1. dontkillthemessenger

    Is the lesbian pregnant?

  2. George Burdell

    Sammy, you look much bigger in a dress.

  3. it had to be said

    Tony: “San Francisco, send my heart back. I’m going black tonight!”

    Everyone else: “Uh, Tony, we need to talk.”

  4. Deacon Jones

    Look at how tightly he’s holding the microphne.
    He’s terrified.

  5. “I will break you.”

    • Blech

      Pass it around? One in every four individuals has an STD now… In about a decade, you may feel super lucky to have just Herpes I.

  6. Johnny P!

    QL: “I’ll pretend I love you in this duet, Tony, but I like pussy.”
    TB: “That’s okay, I sang with k.d. It’s all good”

  7. Compton

    One of them has seen Lady Gaga naked and one of them eats Ben & Jerry’s naked.

  8. Blech

    “Tony, baby, you looking like a bowl of smoked grits tonight. Mm-hmm!”

  9. The Brown Streak

    After Stone Cold left, the main events for Wrestlemania weren’t all they were hyped up to be.

  10. bananahammock

    Shaq finds a new gig following retirement.

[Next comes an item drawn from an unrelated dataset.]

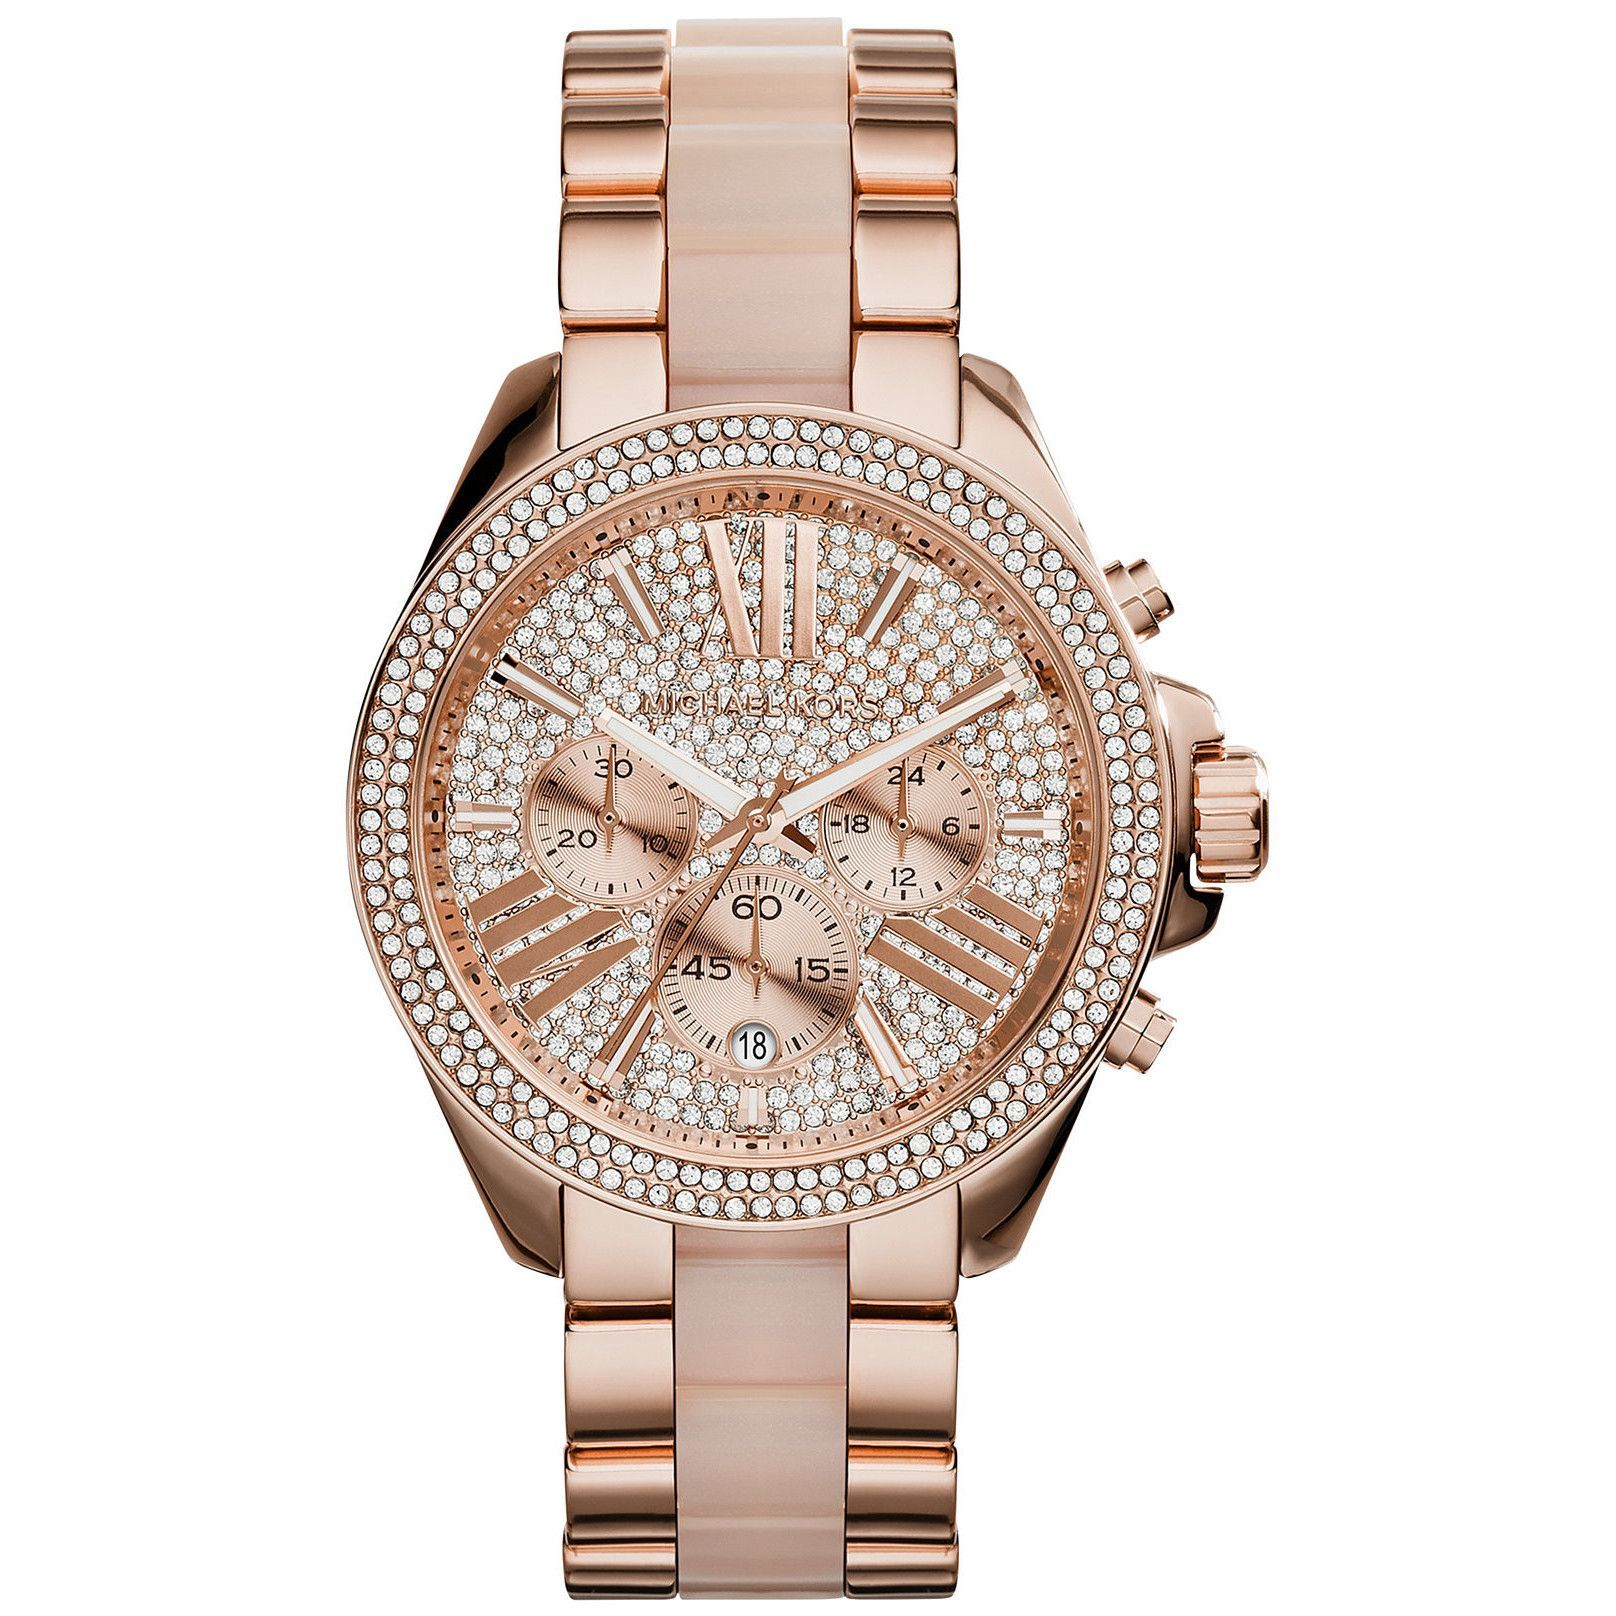 9e6cca08de3e Michael Kors Women s MK6096  Wren  Chronograph Crystal Rose Gold Tone  Stainless Steel Watch (
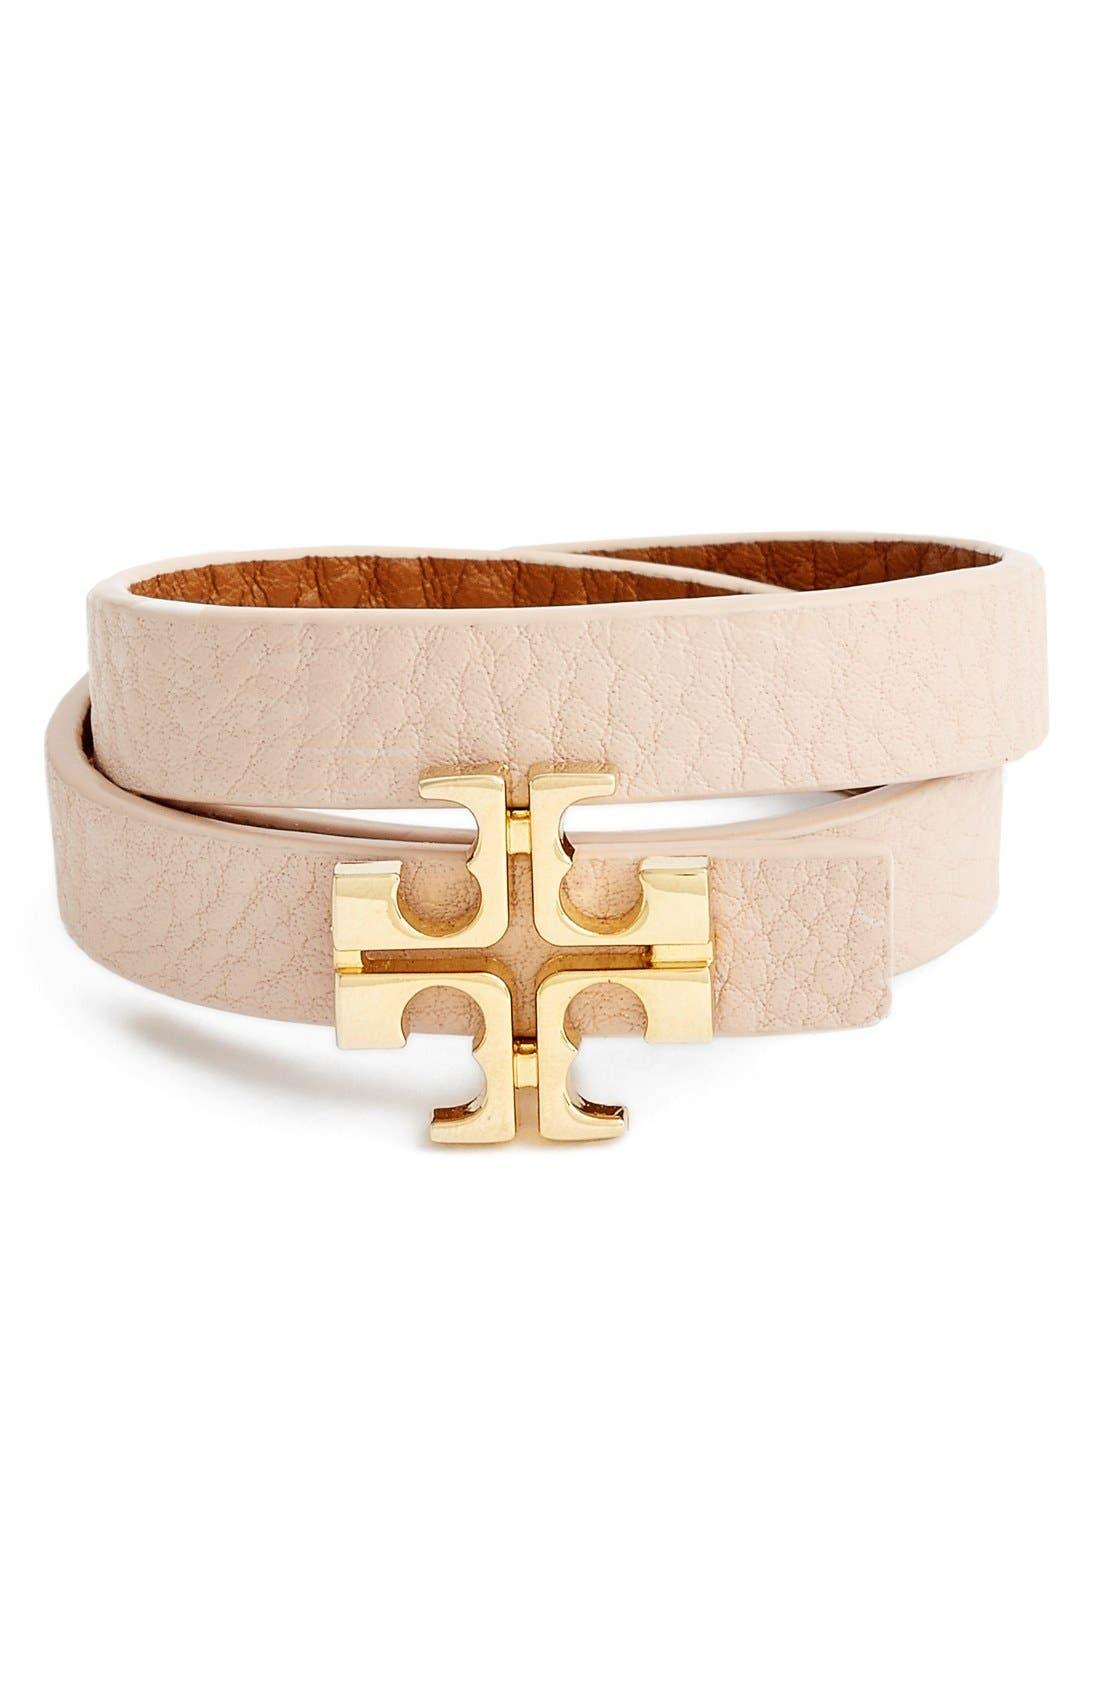 Main Image - Tory Burch 'Split T' Reversible Leather Wrap Bracelet

  11. “Go ahead, Queenie, you can swallow now.”

  12. Joaquin ingles

    She looks hungry.

  13. Jill

    Someone is definitely getting laid tonight.

  14. merciful percival

    precious is looking tight these days

  15. JungleRed

    I don’t think you ready for this jelly, Tony.

  16. Blech

    “… you look so good, someone ought to put you on a plate and sop you up with a biscuit.”

  17. Jason H

    I have to admit, I wouldn’t mind getting me some Queen Latifah. She’s a big woman, but she’s still pretty sexy.

  18. Git in mah belly.

  19. doogleberg

    Tony, you a good singa, but you’d look betta tween two pieces of bread.